Requirement: Once the line holding "Nancy's Archbald Staircase" appears, repeat it and each line after it to the end of the data, exactly and with nothing else; pictures stay out.

+++ Given data +++

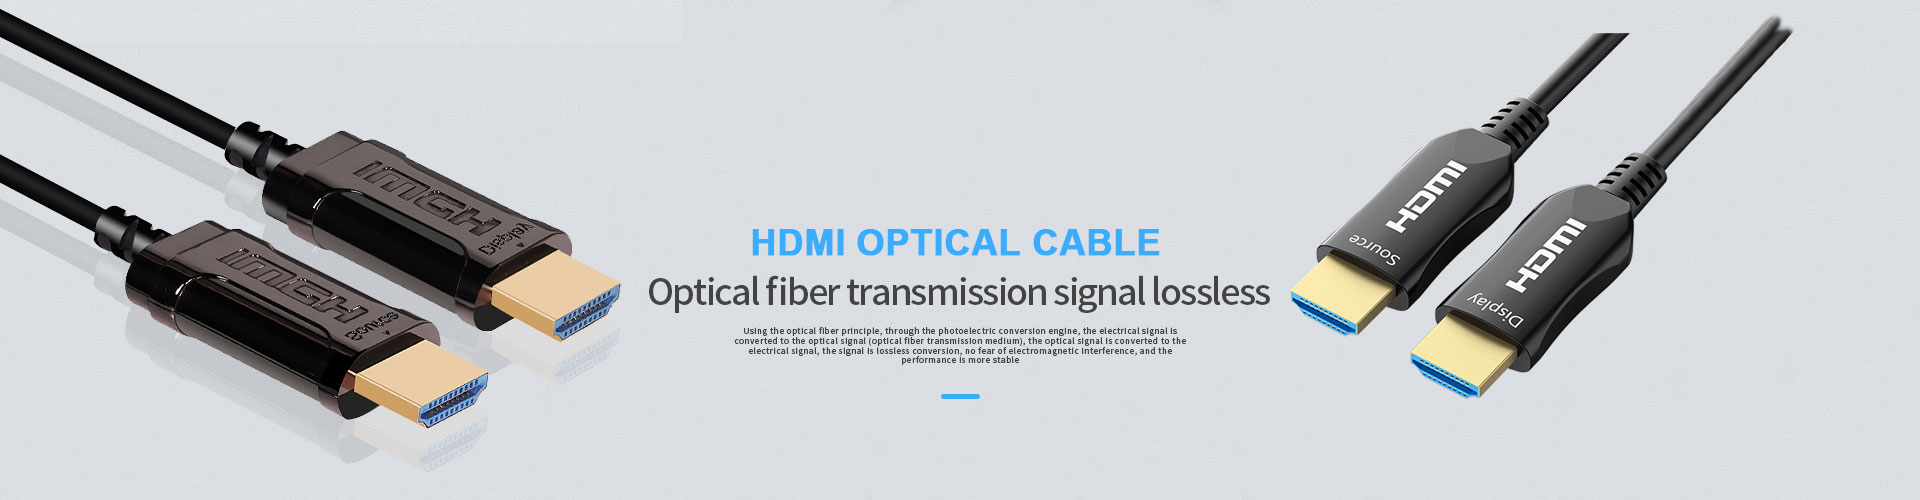 连云港Fiber HDMI
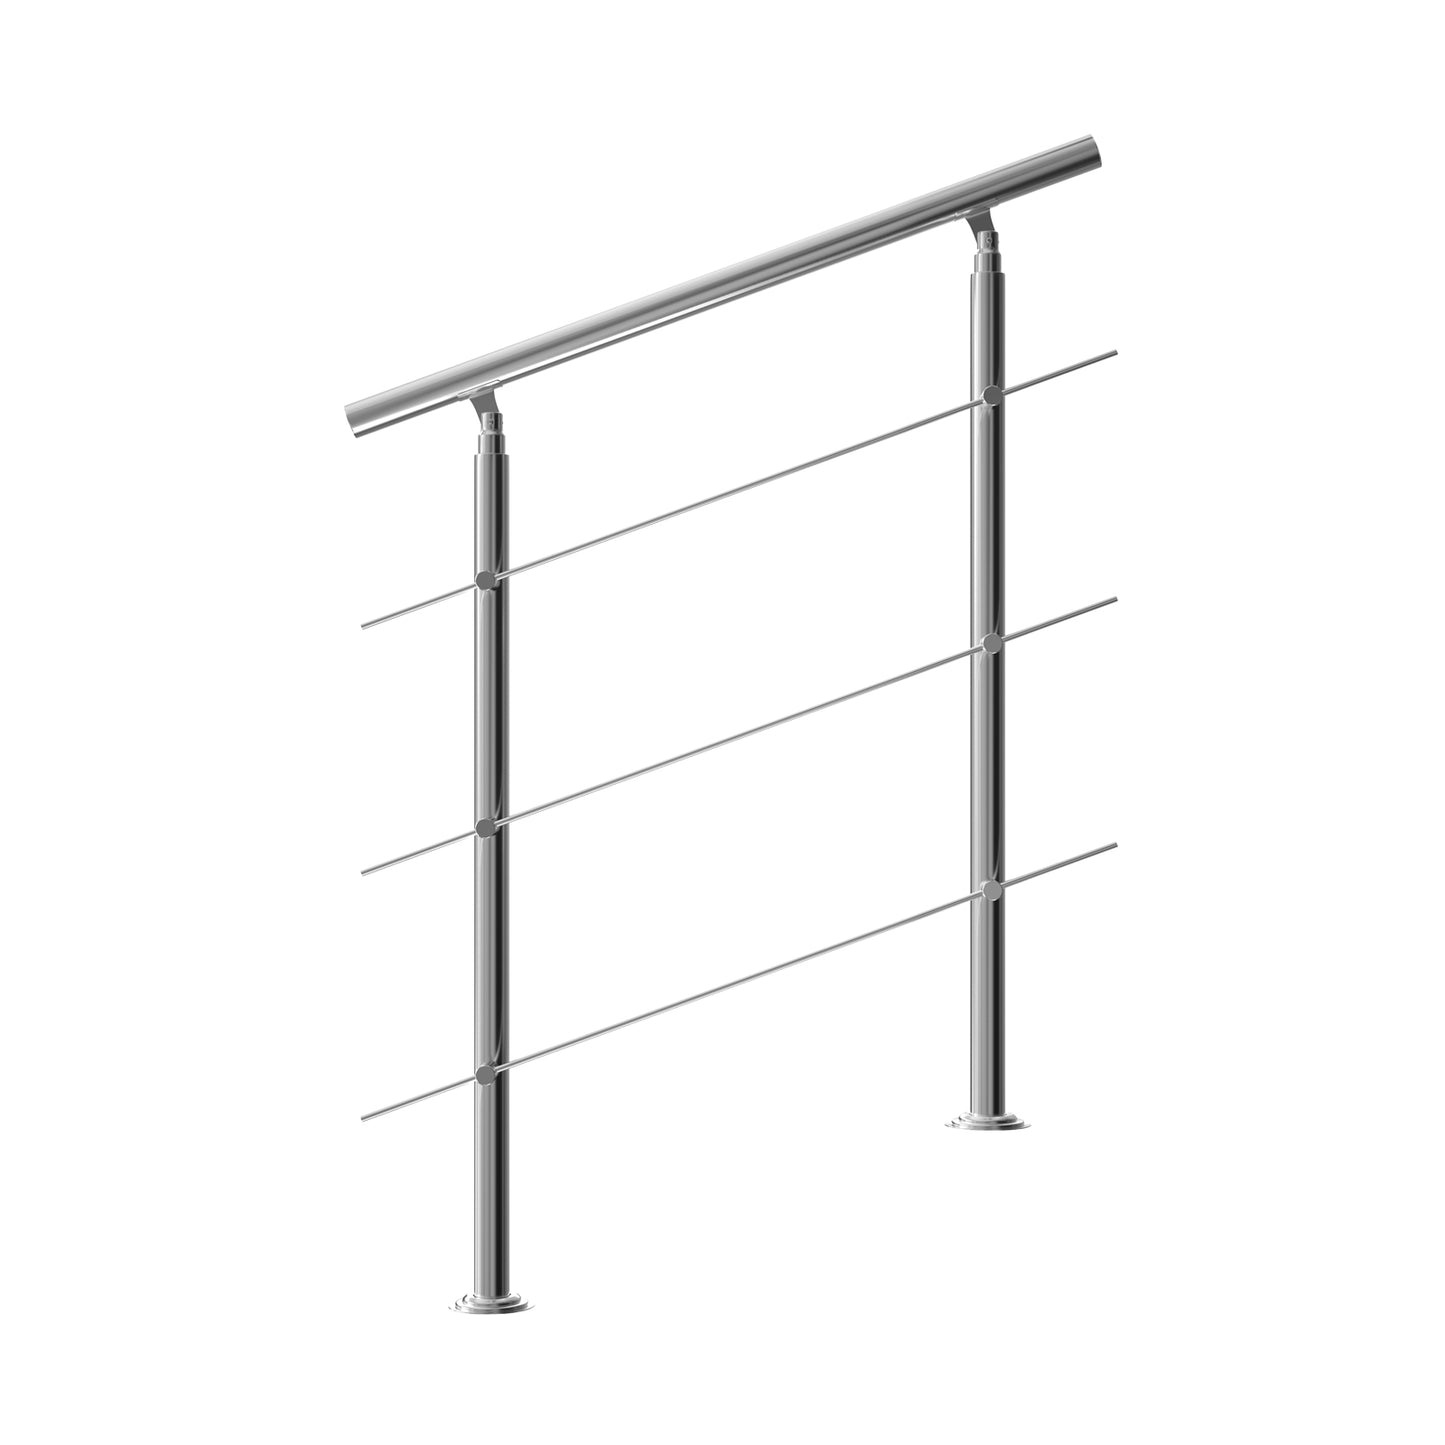 Nancy's Archbald Staircase Railing - Railing - Handrail - Stainless Steel - 100 cm
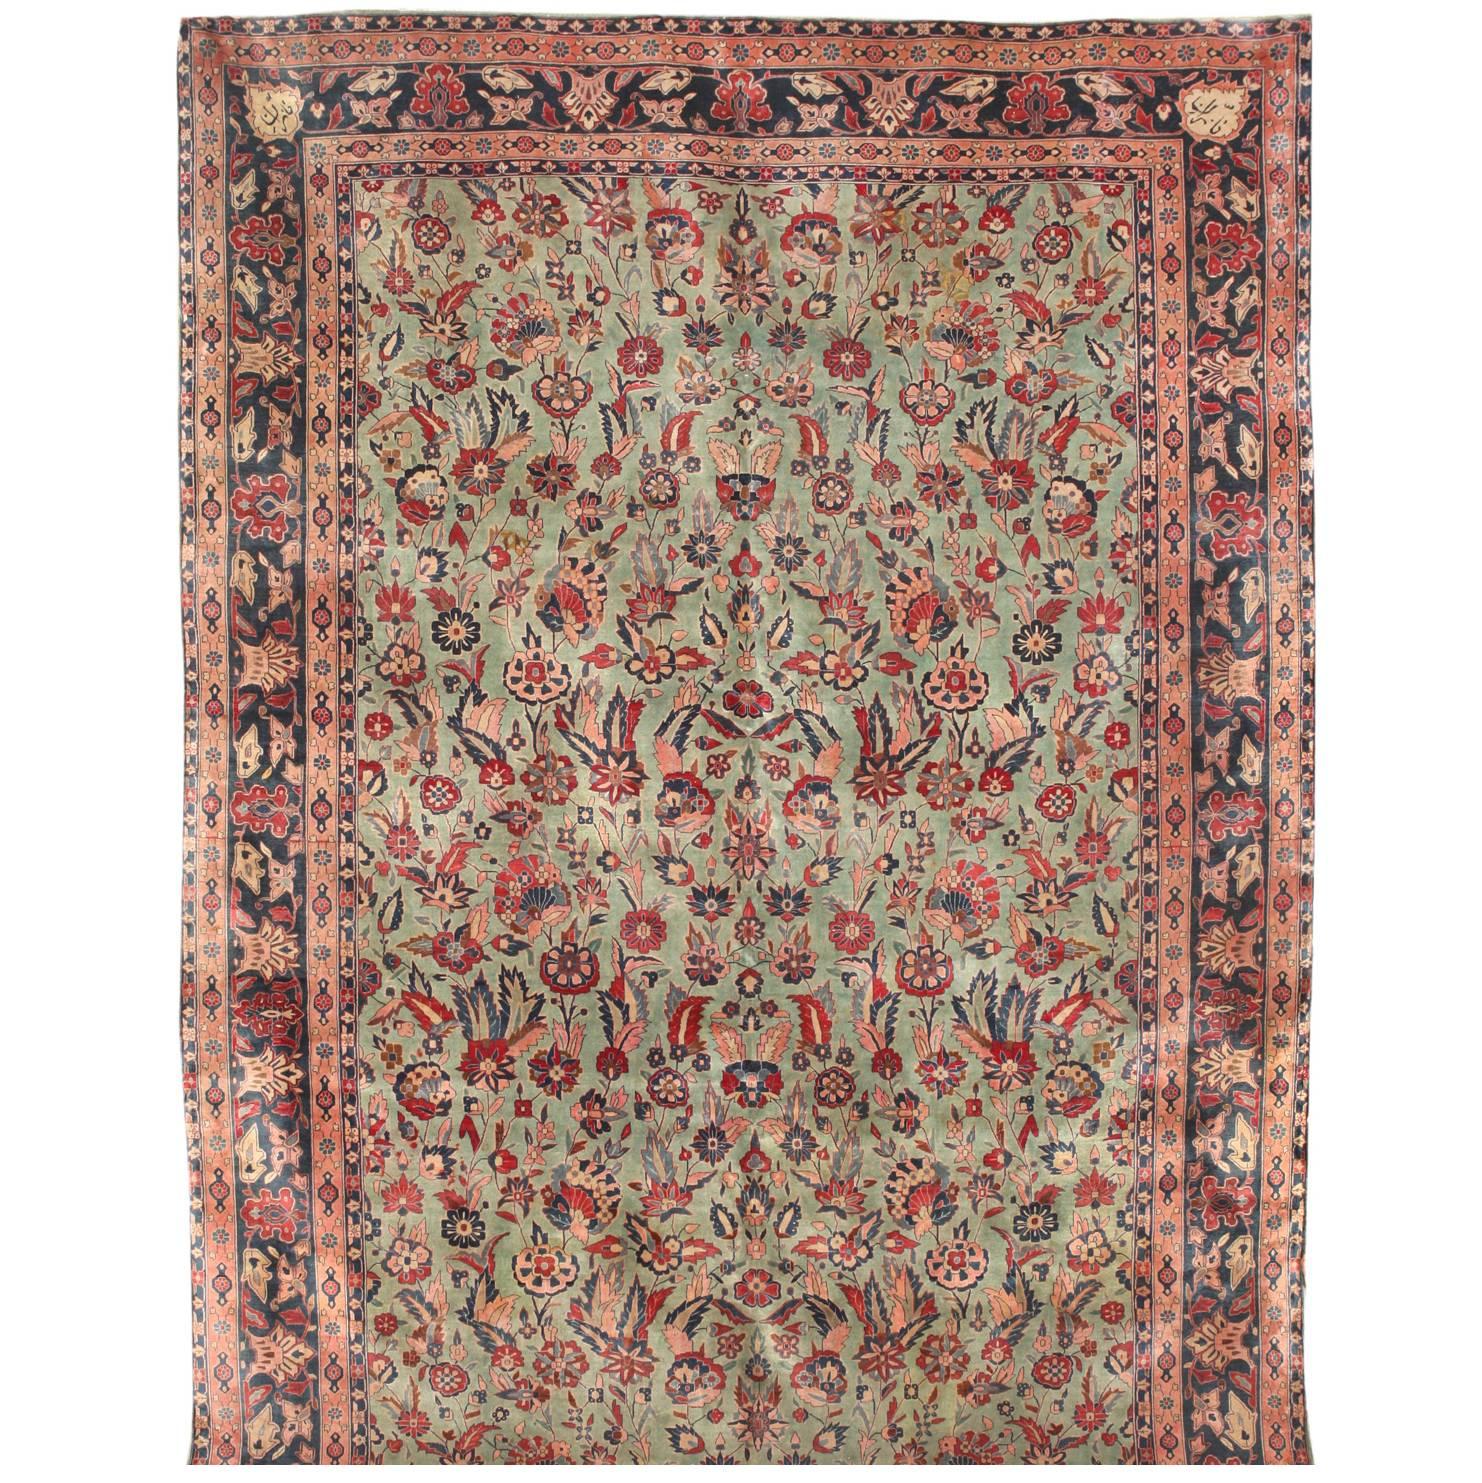 Exceptional Antique Persian Kashan Carpet For Sale
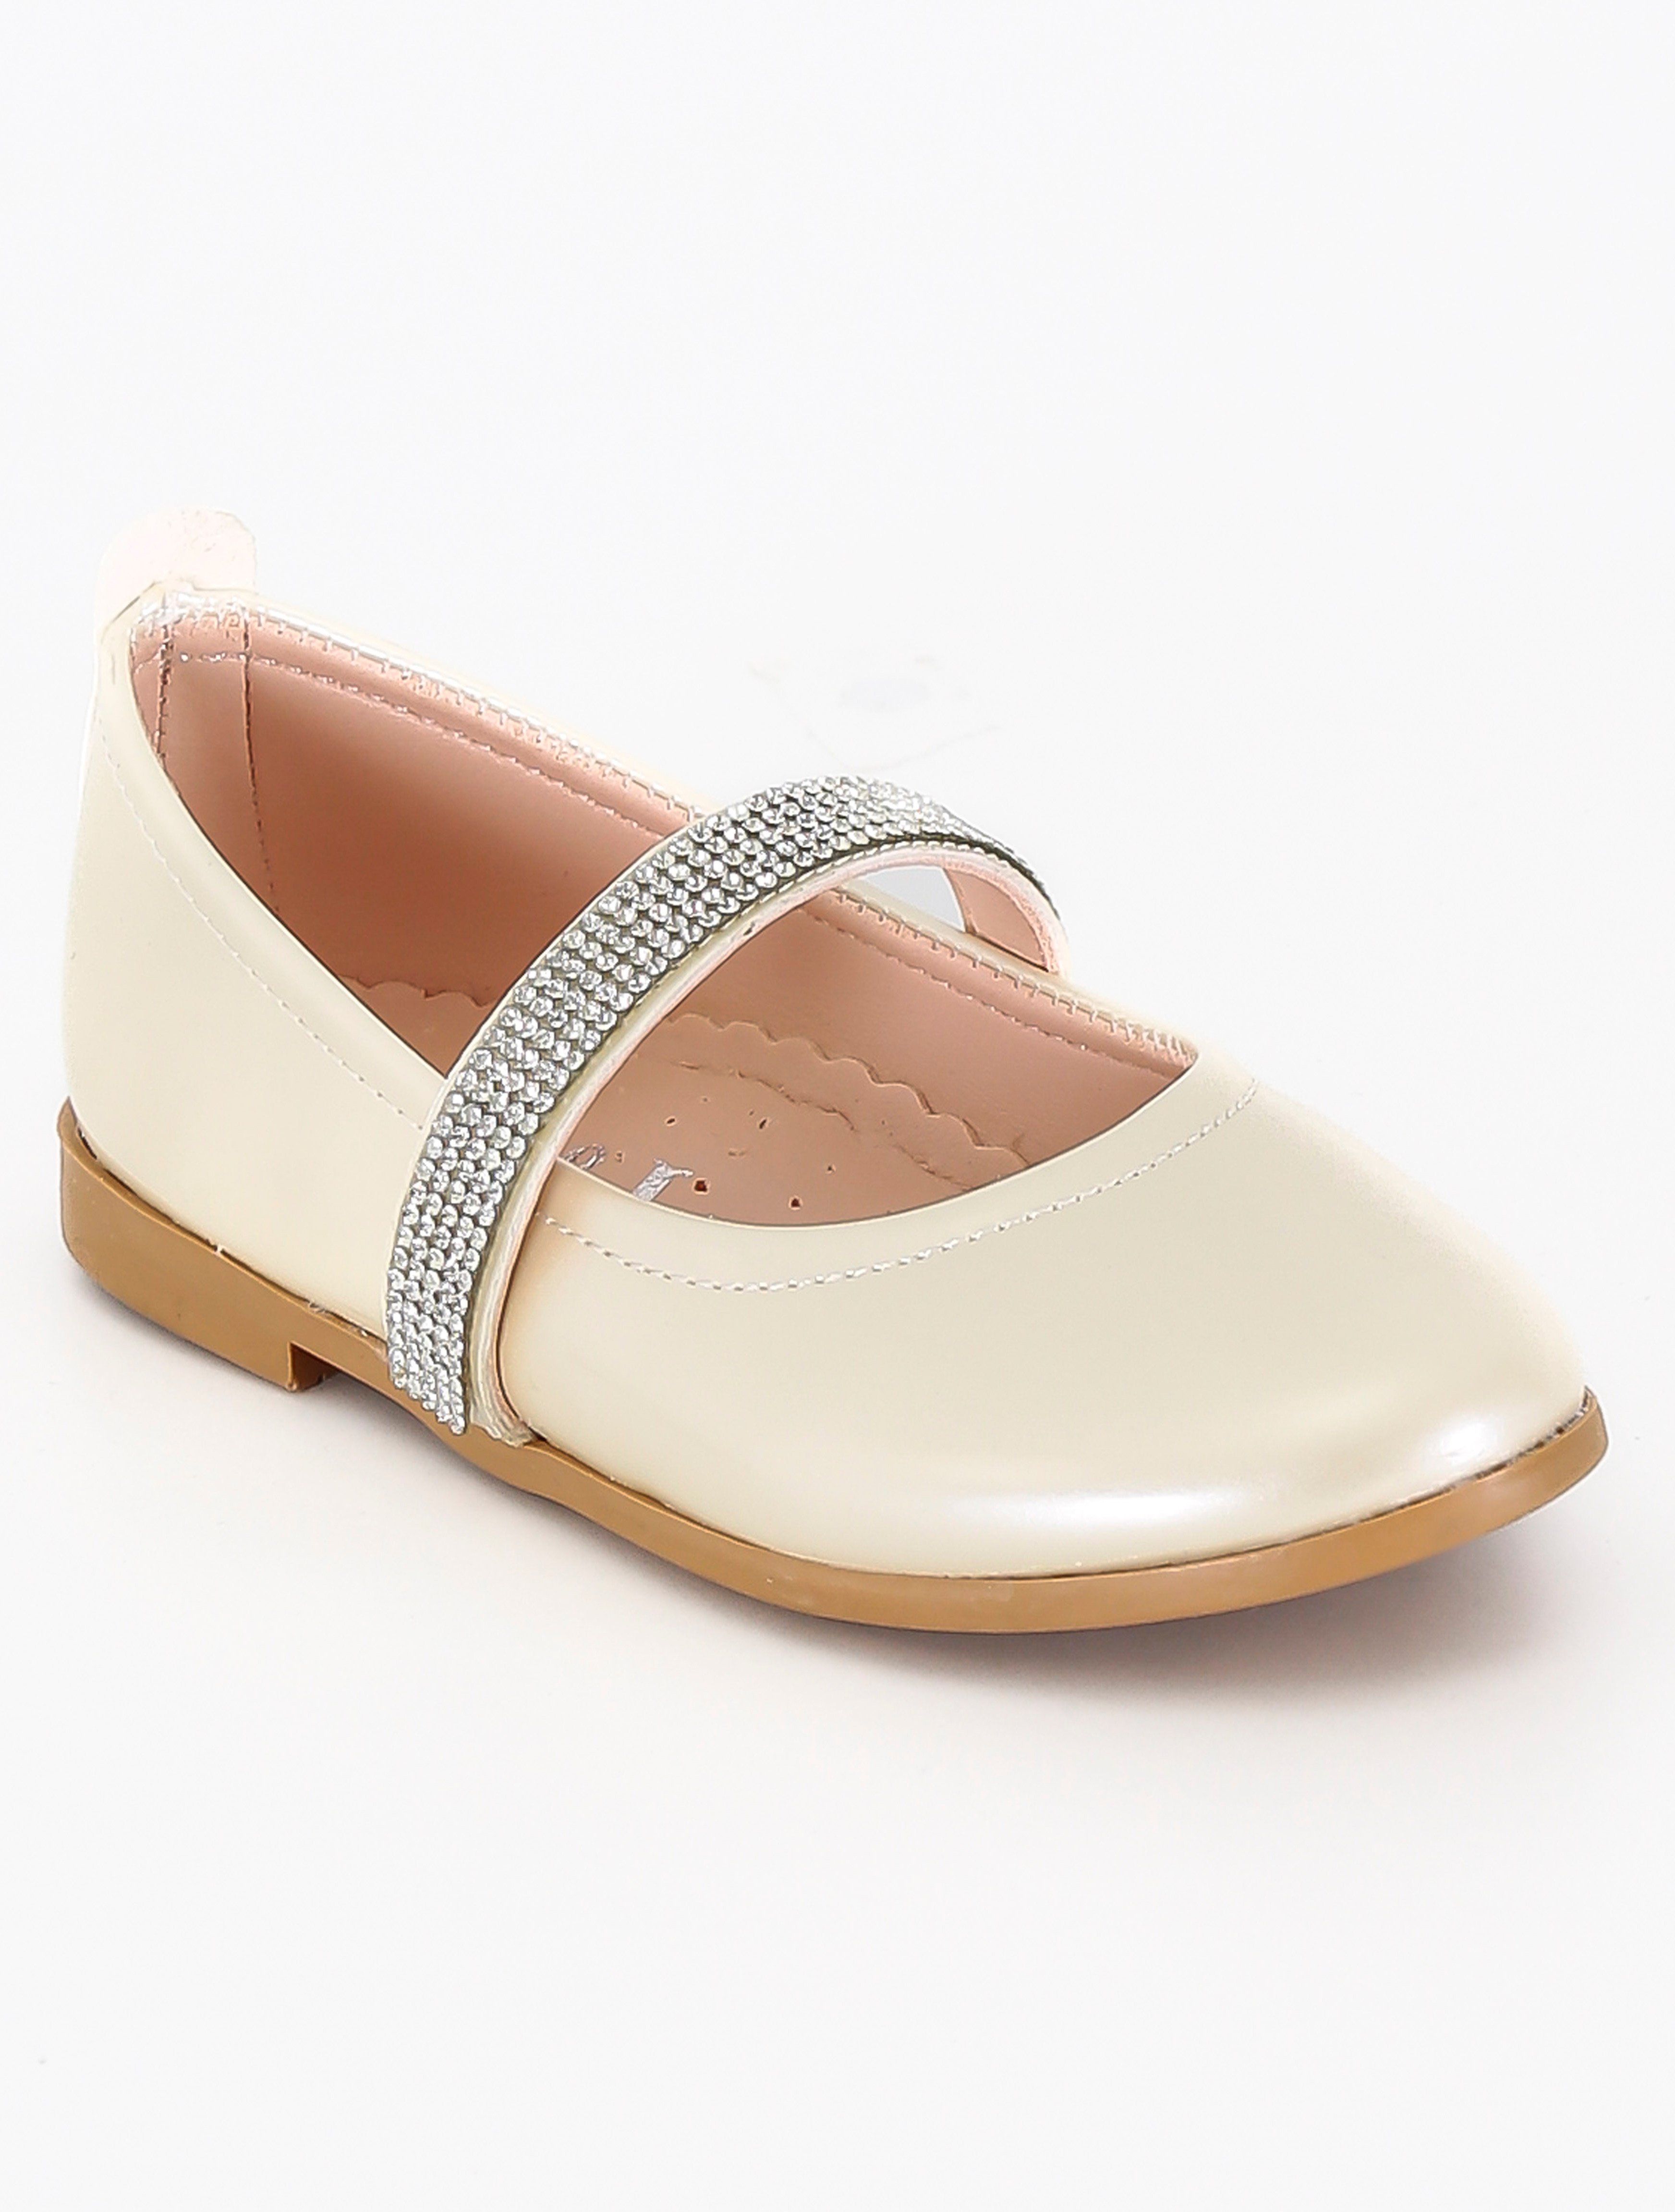 Girls Rhinestone Patent Mary Jane Shoes - ARWEN - Ivory

+++

Written reply:
 Nancy's Archbald Staircase Railing - Railing - Handrail - Stainless Steel - 100 cm
 Exceptional Antique Persian Kashan Carpet For Sale
 Girls Rhinestone Patent Mary Jane Shoes - ARWEN - Ivory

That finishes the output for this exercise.